__Entries taken from a collection__
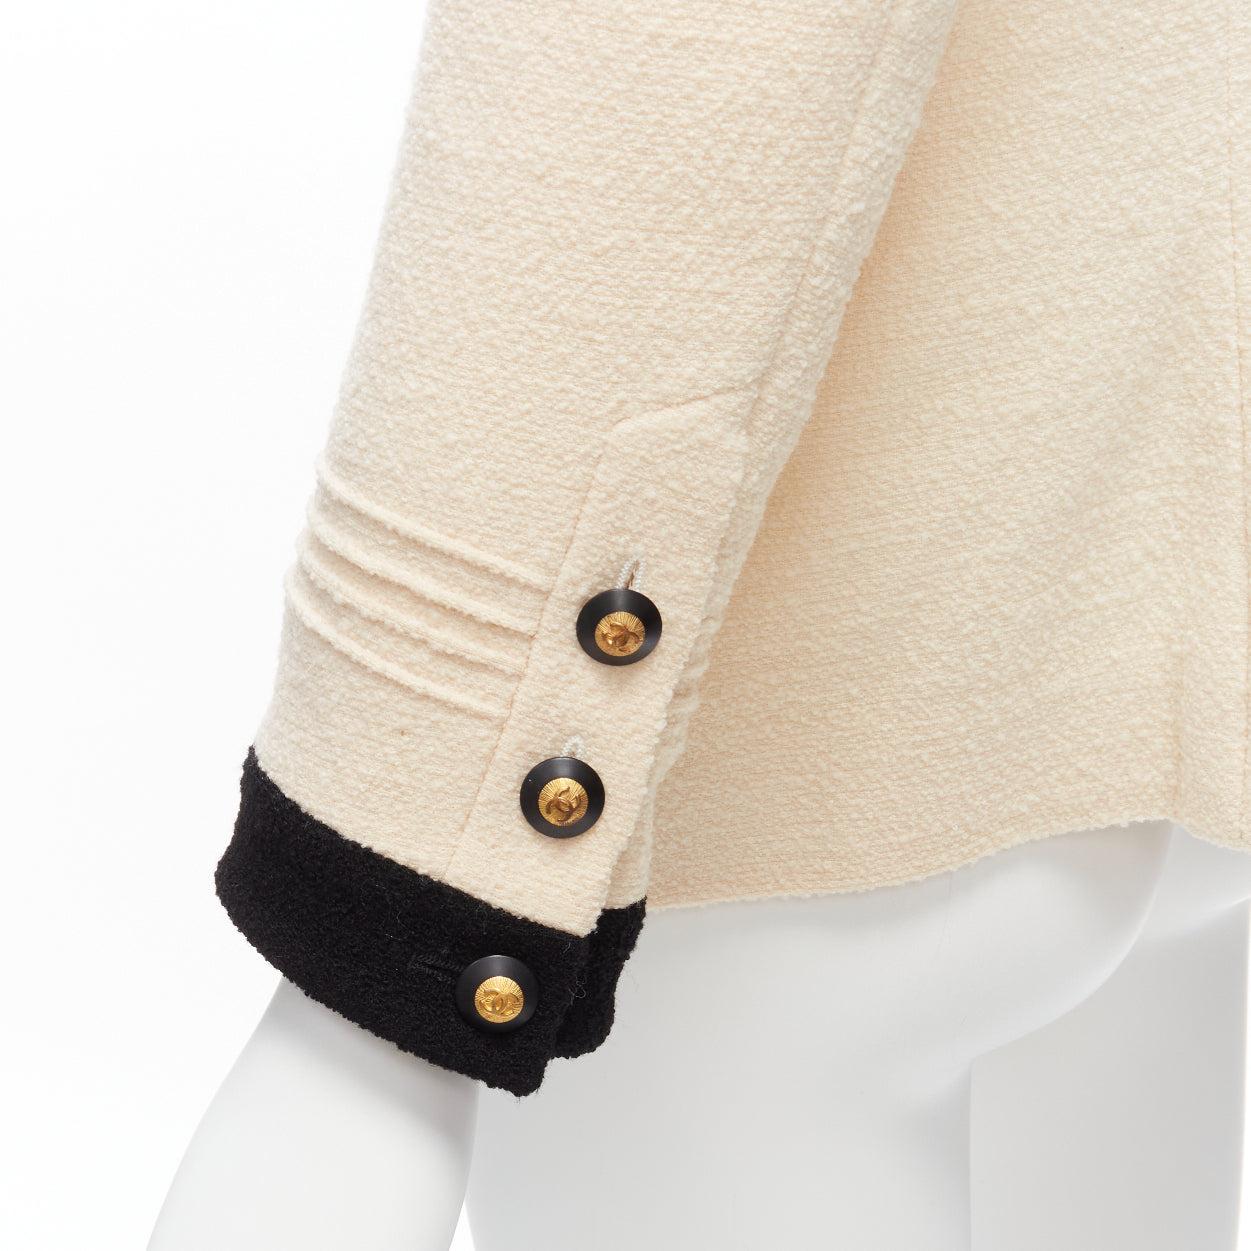 CHANEL Karl Lagerfeld 93A Vintage cream black trim boucle tweed jacket FR44 XXL
Reference: TGAS/D00545
Brand: Chanel
Designer: Karl Lagerfeld
Collection: 93A
Material: Wool, Blend
Color: Black, Cream
Pattern: Solid
Closure: Button
Lining: Beige
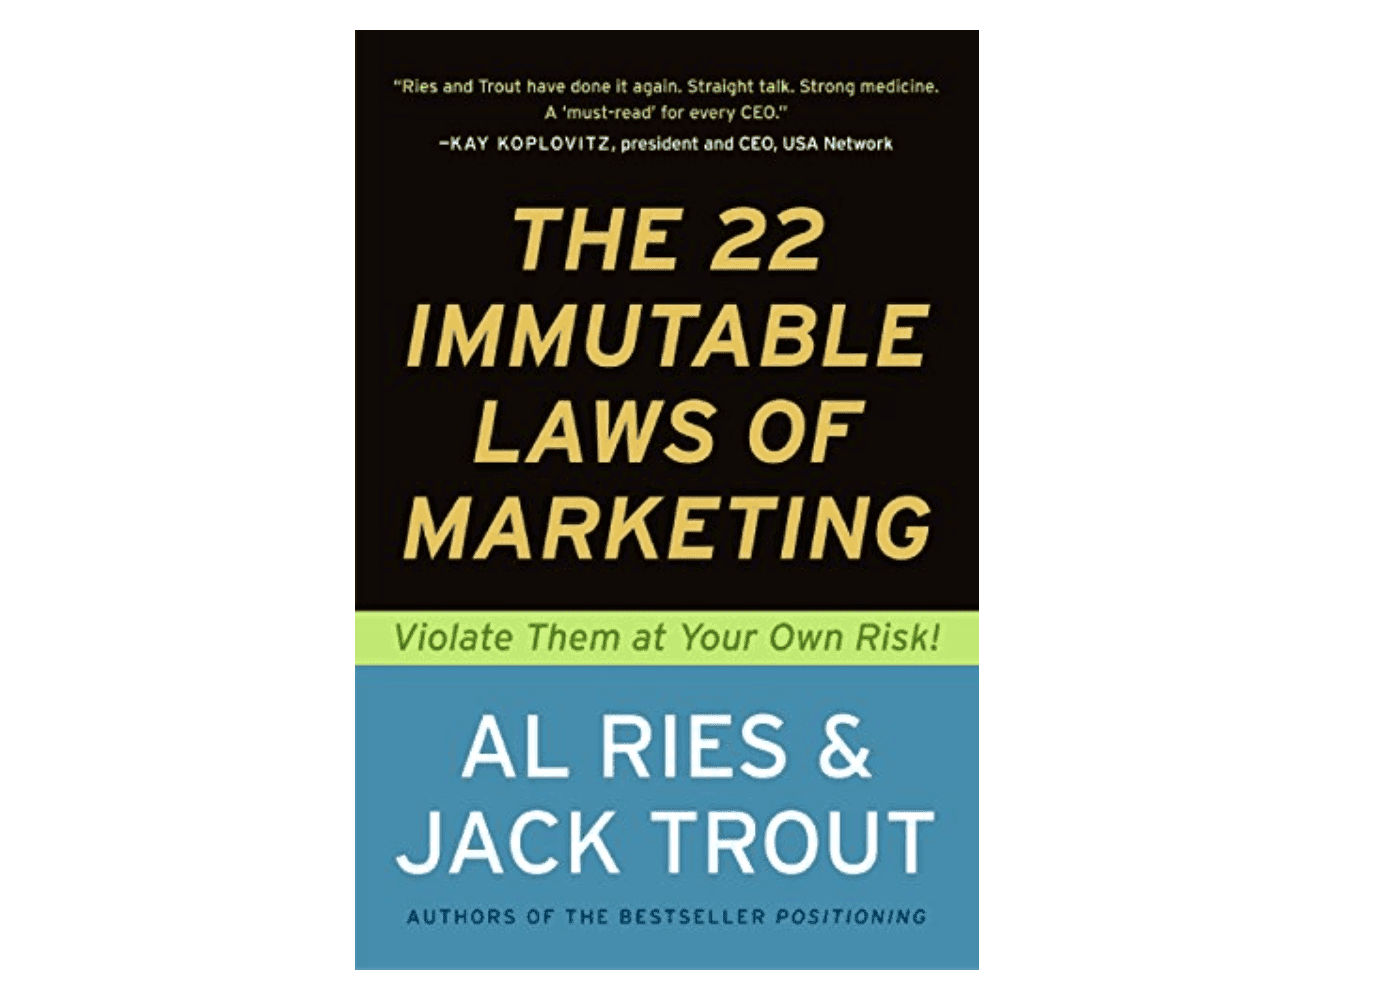 screenshot of the 22 immutable laws of marketing book cover
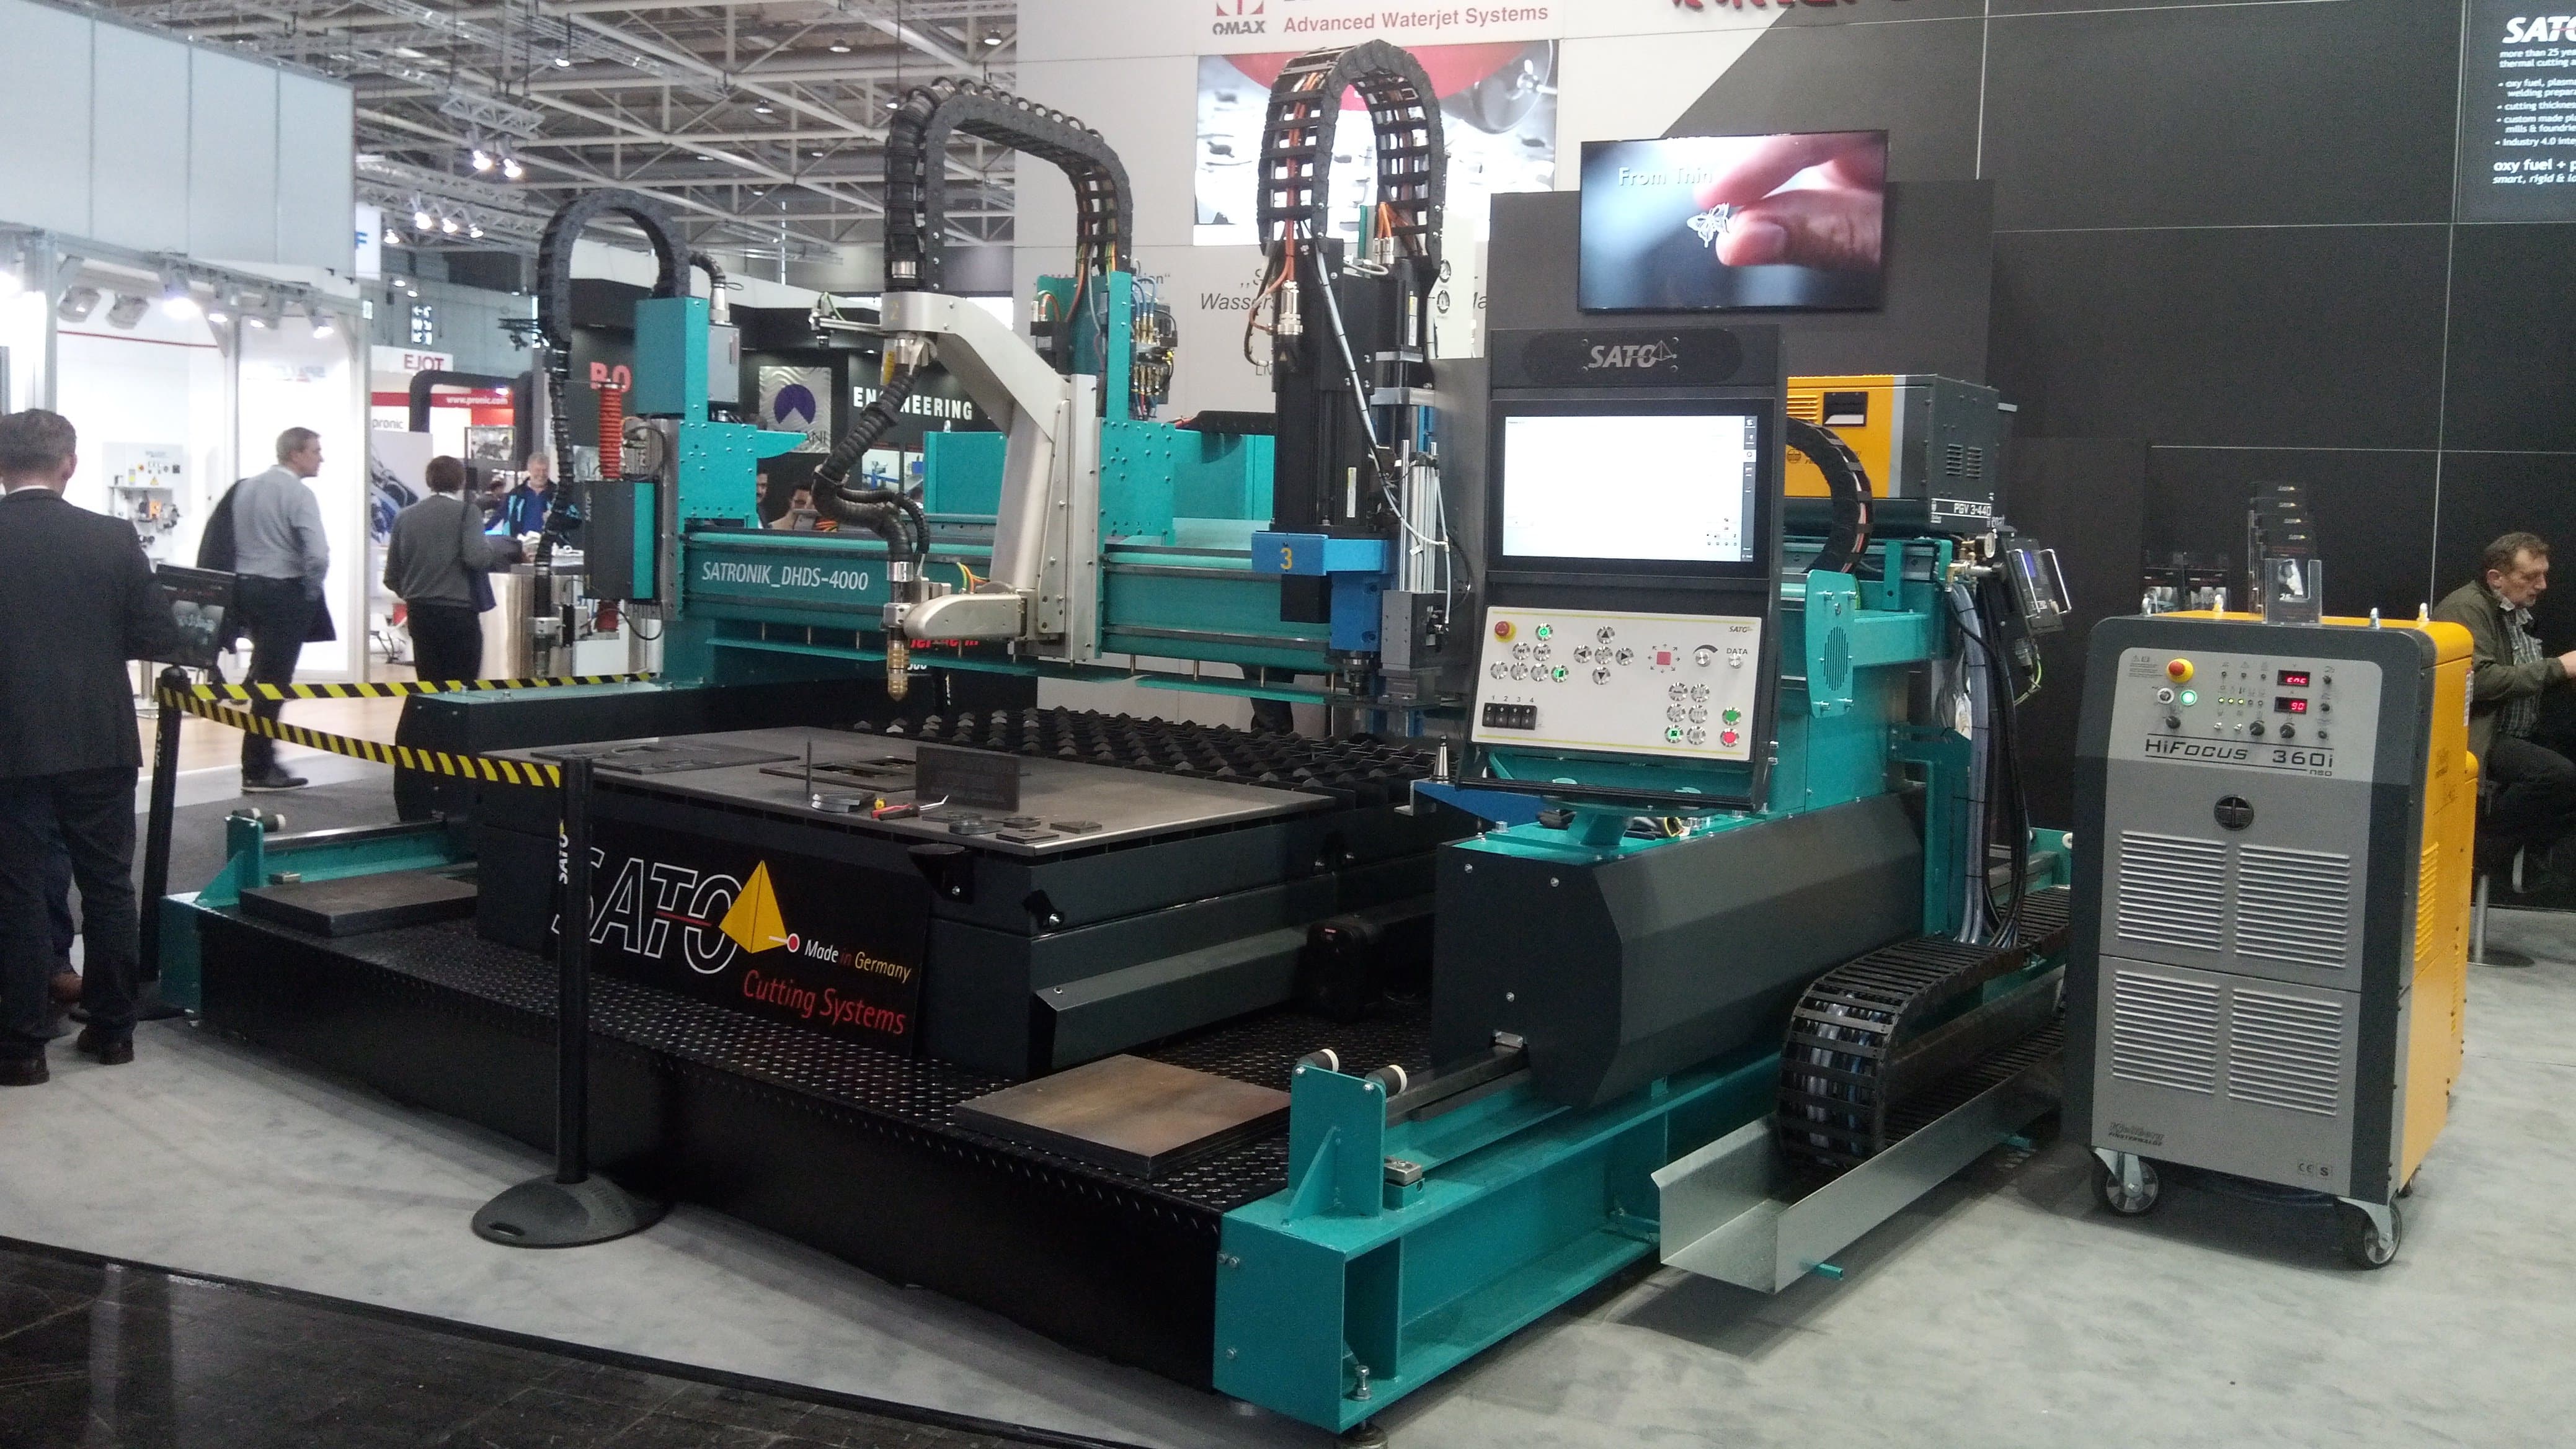 DHD-S with plasma bevel-head, oxy fuel cutting head and powerful drilling unit

__YOUR TASK__
Should a picture appear among the entries, skip it and copy the rest exactly.

__EXERCISE RESPONSE__
 CHANEL Karl Lagerfeld 93A Vintage cream black trim boucle tweed jacket FR44 XXL
Reference: TGAS/D00545
Brand: Chanel
Designer: Karl Lagerfeld
Collection: 93A
Material: Wool, Blend
Color: Black, Cream
Pattern: Solid
Closure: Button
Lining: Beige
 screenshot of the 22 immutable laws of marketing book cover
 DHD-S with plasma bevel-head, oxy fuel cutting head and powerful drilling unit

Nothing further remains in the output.